First published in 1825 this is a story which is set in the Third Crusade. Richard the Lionheart is very ill and it looks like he isn’t going to recover, but help comes in the shape of Sir Kenneth, a Scottish knight who after some conflict ended up striking up a friendship with a Saracen who uses a talisman to heal Richard. The Saracen is none other than Saladin of course.

Apparently there was a BBC mini-series of The Talisman in 1980 but I don’t recall ever seeing it. It’s the 1970s Ivanhoe series which I remember loving. And speaking of Ivanhoe, I’ll be reading that throughout January for Read Scotland 2014 challenge. You’re welcome to join in too – if you feel brave enough!

12 thoughts on “The Talisman by Sir Walter Scott

  1. Oh, wow!
    You did it. I think you are absolutely right that the style takes time to get used to, in any archaic book, actually. But I’m always glad when my brain finally adapts and things swim along much more easily. I remember having this problem the first time I read The Secret Garden as a ten-year-old, with all the native Yorkshire dialect. But I loved the story, so I bravely plowed through–not skipping the difficult bits–but translating them for myself.

    I can’t imagine why I offered that bit forth, but I think it was to encourage me through our upcoming read of Ivanhoe.

    I’m so glad that you ended up liking a book that at 1/4 through made you feel like death itself! Actually, I find that so incredibly inspiring!!

    • Judith,
      I vaguely remember having to carefully re-read the dialect in The Secret Garden too!
      I think that when you struggle with a book and win then it must surely be character building!

      • Katrina,
        Your reply to me, the character-building part, reminds me of something our friend Scott (doesn’t he have the proper name?) likes to say after a good wilderness outing, no matter the season. I think it definitely applies in this case.

        We come back to the car–tired, sweaty, and dirty–and he always says, “Isn’t it great to know that today you really went out and DID something!”

        That’s the way I feel after conquering a difficult book, but one that, in the end, I felt was worthwhile.


        • Judith,
          Yes at least you feel a sense of accomplishment when something has been a struggle, more so when you’re out hiking as I always feel quite virtuous burning calories, although I suppose it’s as important to tickle the grey cells too!

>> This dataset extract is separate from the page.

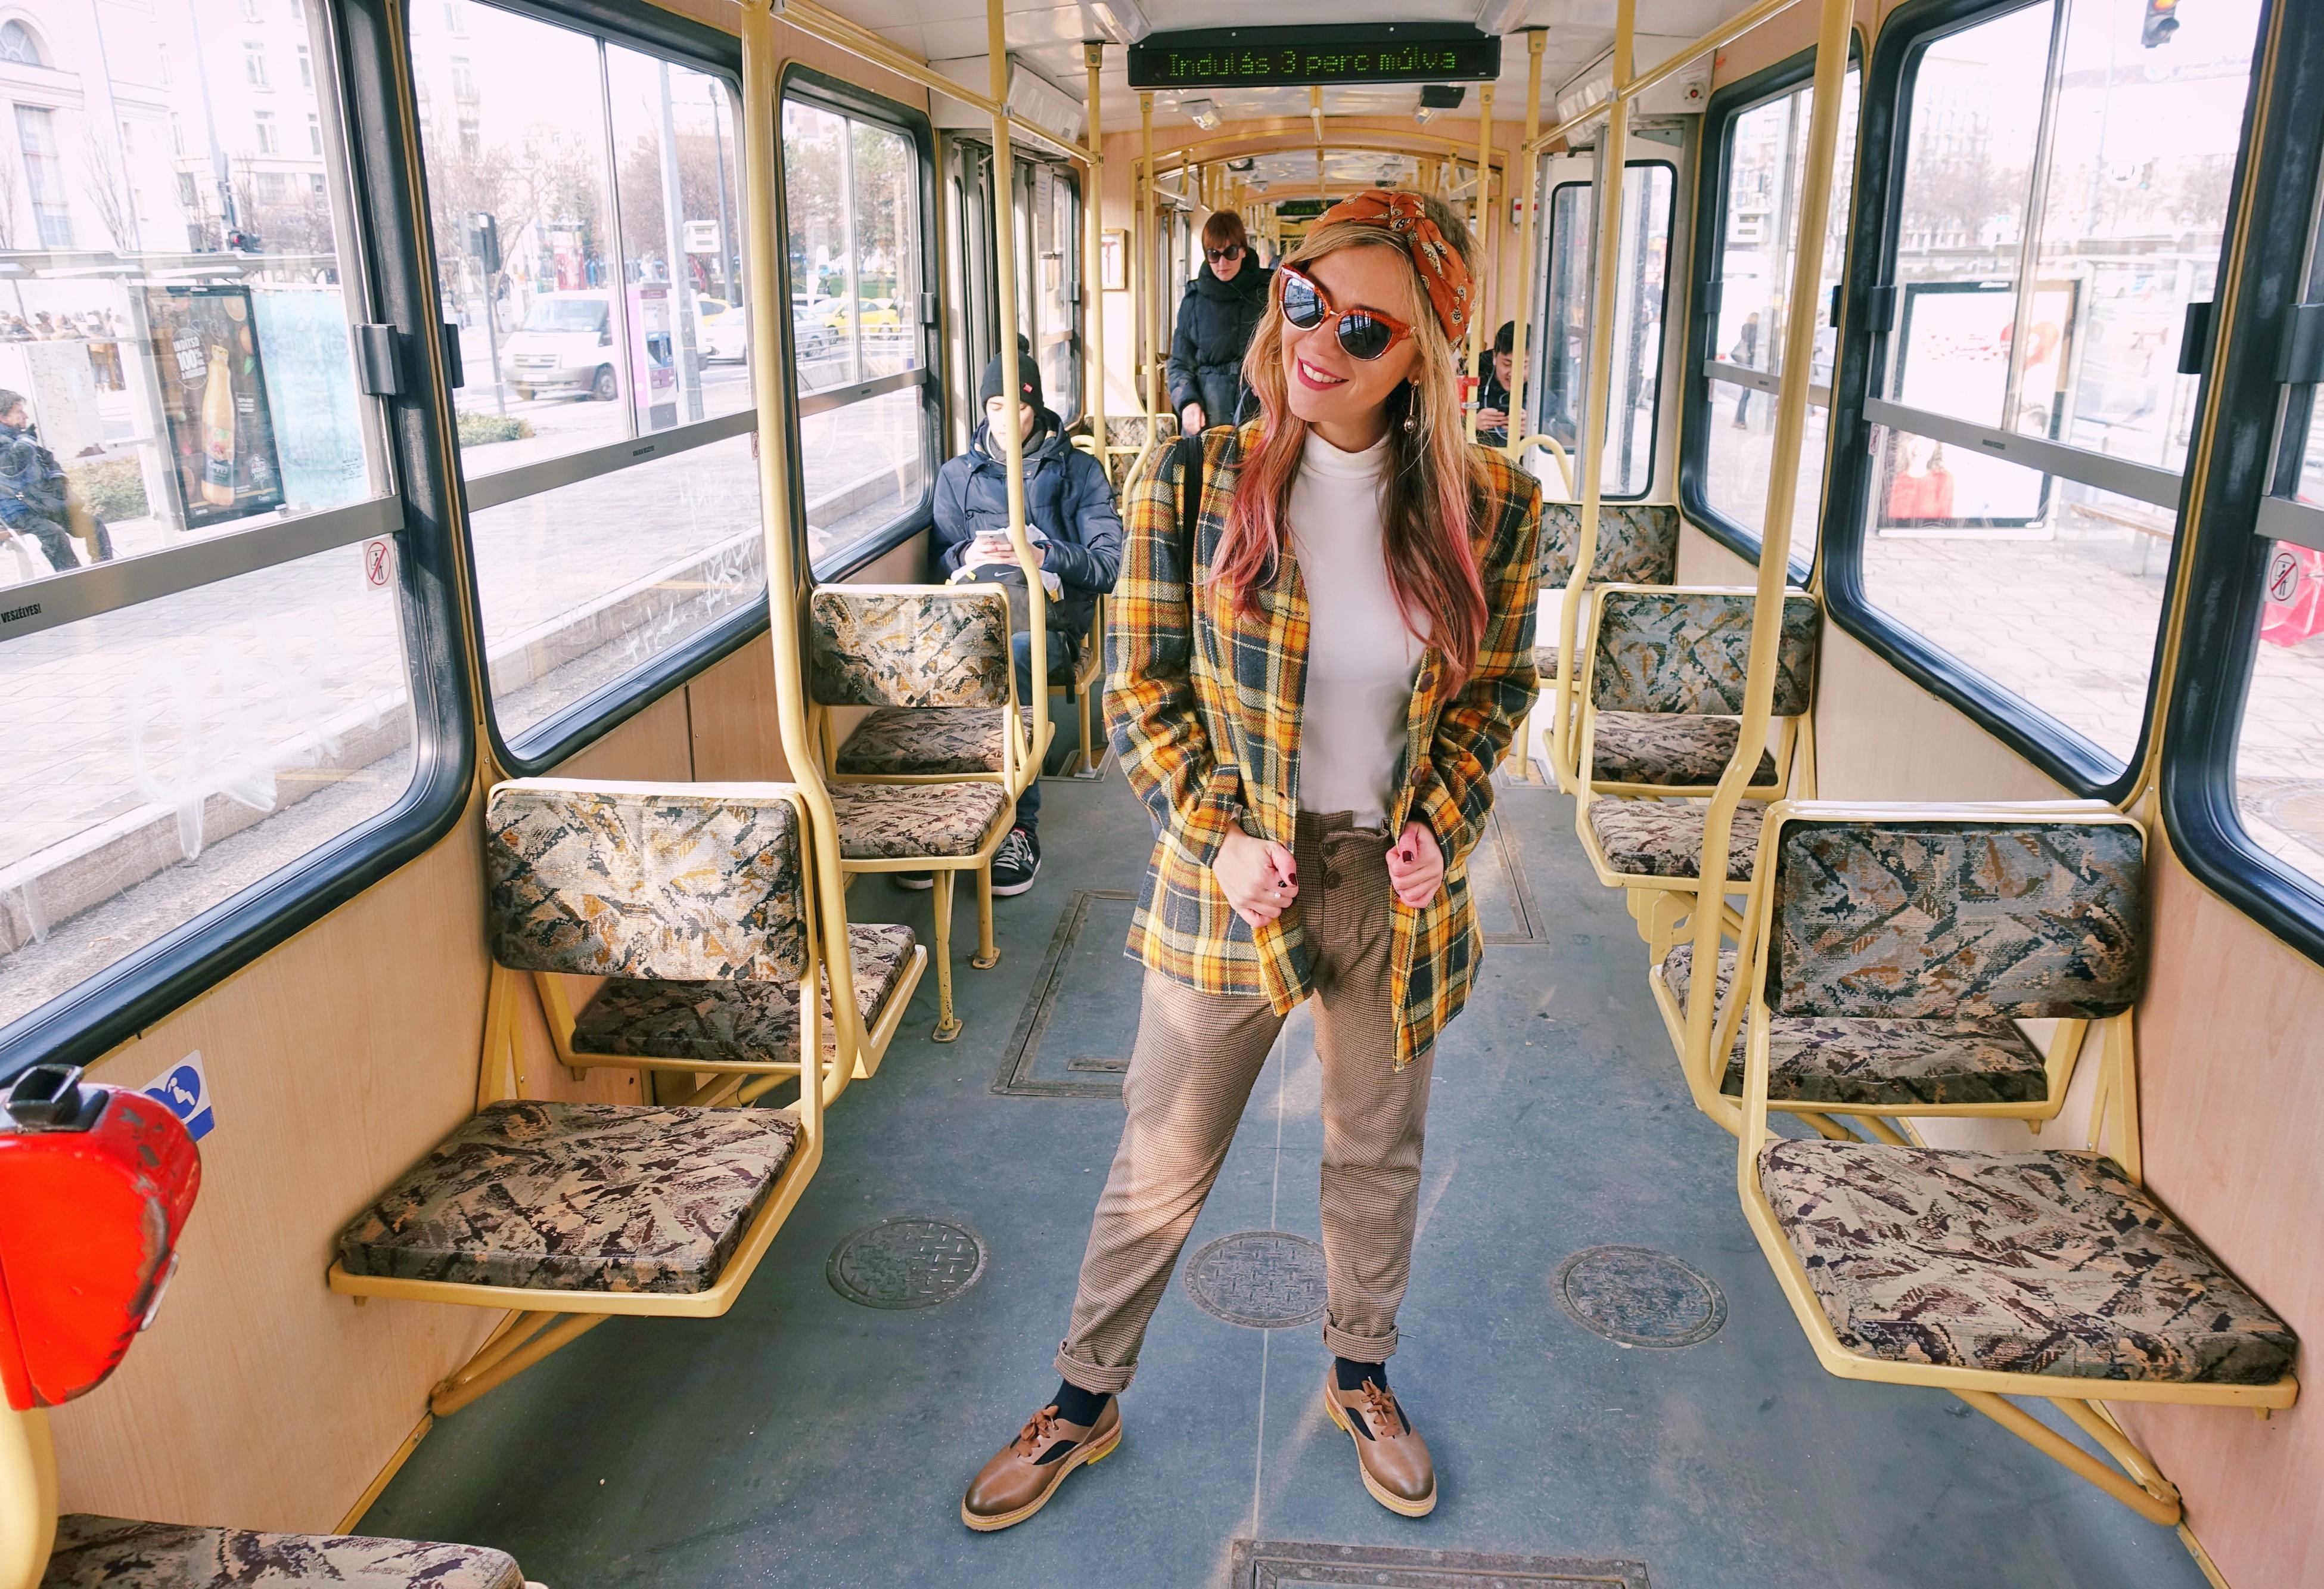 Fashionista-ChicAdicta-blog-de-moda-tranvia-de-budapest-blazer-de-cuadros-Chic-Adicta-influencer-zapatos-neosens-PiensaenChic-Piensa-en-Chic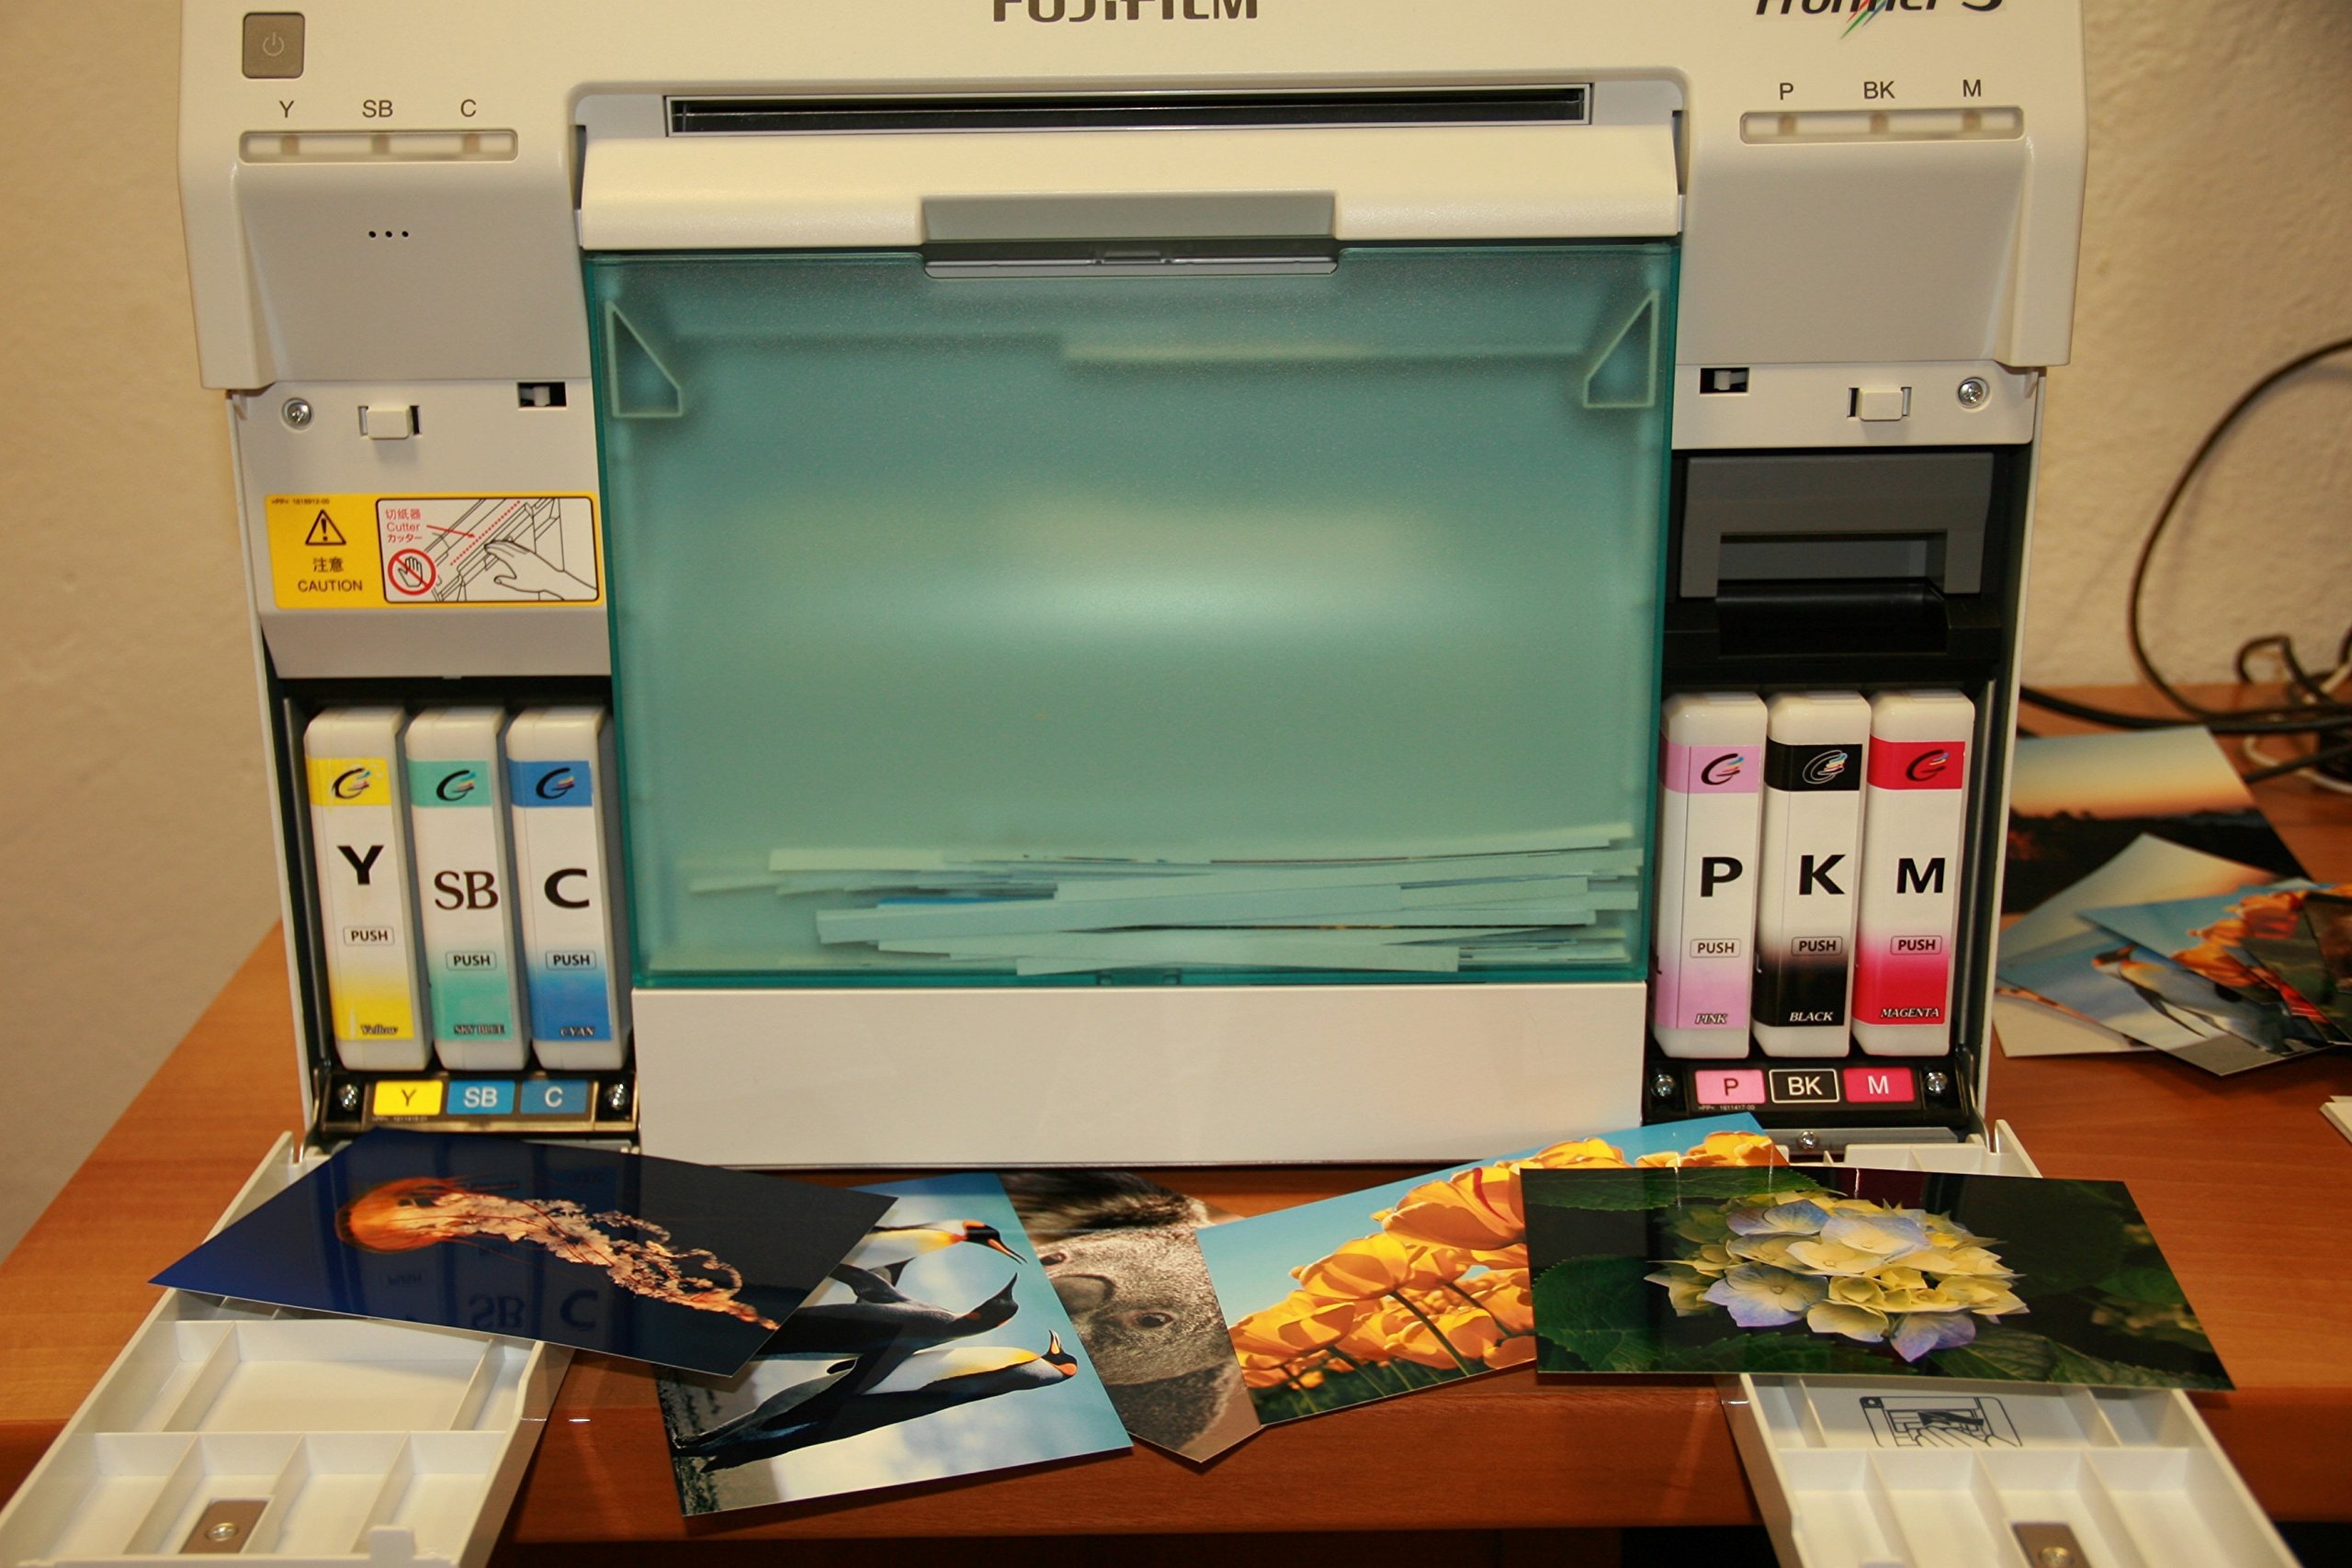 NEW 6-COLOR FujiFilm VIVIDIA Ink Cartridge Frontier-S DX100 Printer

Scott has a good name and probably a Scottish granny somewhere in the past.

  2. It just shows that perseverance can pay off – not all books are worth reading to the end, but I’m glad this one was.

    I did enjoy Ivanhoe a few years ago, but won’t be joining you in January in reading it again – 500 pages of small font in my copy is just too much to re-read when I have more than enough unread books. I’m sure you’ll like it – well, I hope you do. I thought it was very entertaining, very funny in parts too and much easier to read than I thought it would be.

    • Christy,
      I suspect that that bit at the beginning has been cut out of modern versions, sanitised for modern readers! As I recall it was a tale which had been told to Sir Kenneth.

  3. Congrats–to tackle a book you’ve once abandoned takes fortitude! I want to read Scott, but dread not being able to deal with the style. You inspire me.

    I enjoyed your review of this daunting book very much–well done.

  4. I admire your perseverance in reading Scott! I too loved that tv series of Ivanhoe when I was young. I also loved your promenade de gateau comment! Must remember that one! I’ve got lots of catching up to do, so you’ll likely find a few new comments on older posts!

    Sorry to see you aren’t having any luck with the house sale. Maybe early 2014?

    • Evee,
      We’ve had a few people want to buy our place but they haven’t been able to sell their own, it’ll happen sometime I suppose, we’re just getting really fed up with it all now.
      I think promenade de gateau is a Dumbarton Academy saying, often how an exam was described, I didn’t have too many of those sorts of exams!
      I’ve been hoping you’ve been busy enjoying yourself!